GPT OSS is a hugely anticipated open-weights release by OpenAI, designed for powerful reasoning, agentic tasks, and versatile developer use cases. It comprises two models: a big one with 117B parameters (gpt-oss-120b), and a smaller one with 21B parameters (gpt-oss-20b). Both are mixture-of-experts (MoEs) and use a 4-bit quantization scheme (MXFP4), enabling fast inference (thanks to fewer active parameters, see details below) while keeping resource usage low. The large model fits on a single H100 GPU, while the small one runs within 16GB of memory and is perfect for consumer hardware and on-device applications.

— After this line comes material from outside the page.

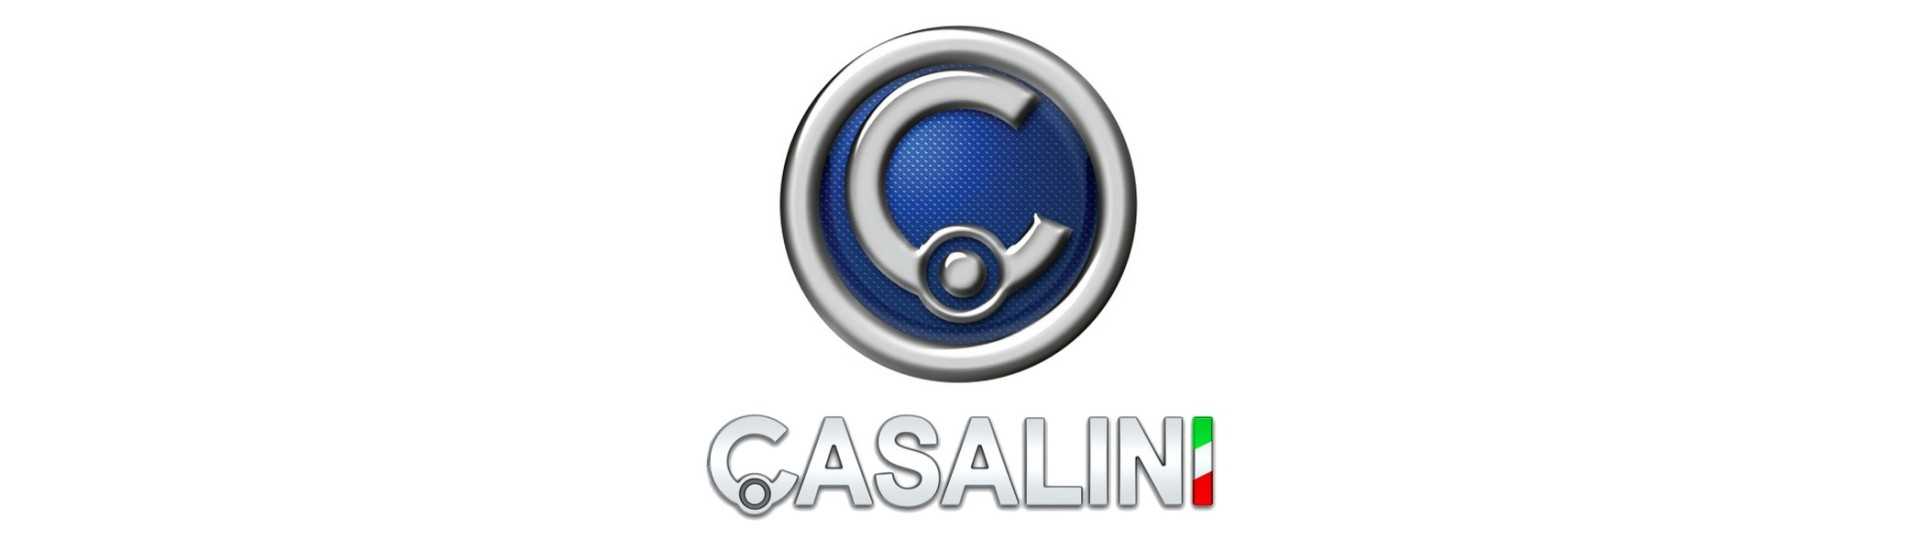 Suspensionsbrüche zum besten Preis für Auto ohne Lizenz Casalini

Overview of Capabilities and Architecture

  • 21B and 117B total parameters, with 3.6B and 5.1B active parameters, respectively.
  • 4-bit quantization scheme using mxfp4 format. Only applied on the MoE weights. As stated, the 120B fits in a single 80 GB GPU and the 20B fits in a single 16GB GPU.
  • Reasoning, text-only models; with chain-of-thought and adjustable reasoning effort levels.
  • Instruction following and tool use support.
  • Inference implementations using transformers, vLLM, llama.cpp, and ollama.
  • Responses API is recommended for inference.
  • License: Apache 2.0, with a small complementary use policy.

Architecture

  • Token-choice MoE with SwiGLU activations.
  • When calculating the MoE weights, a softmax is taken over selected experts (softmax-after-topk).
  • Each attention layer uses RoPE with 128K context.
  • Alternate attention layers: full-context, and sliding 128-token window.
  • Attention layers use a learned attention sink per-head, where the denominator of the softmax has an additional additive value.
  • It uses the same tokenizer as GPT-4o and other OpenAI API models.
  • Some new tokens have been incorporated to enable compatibility with the Responses API.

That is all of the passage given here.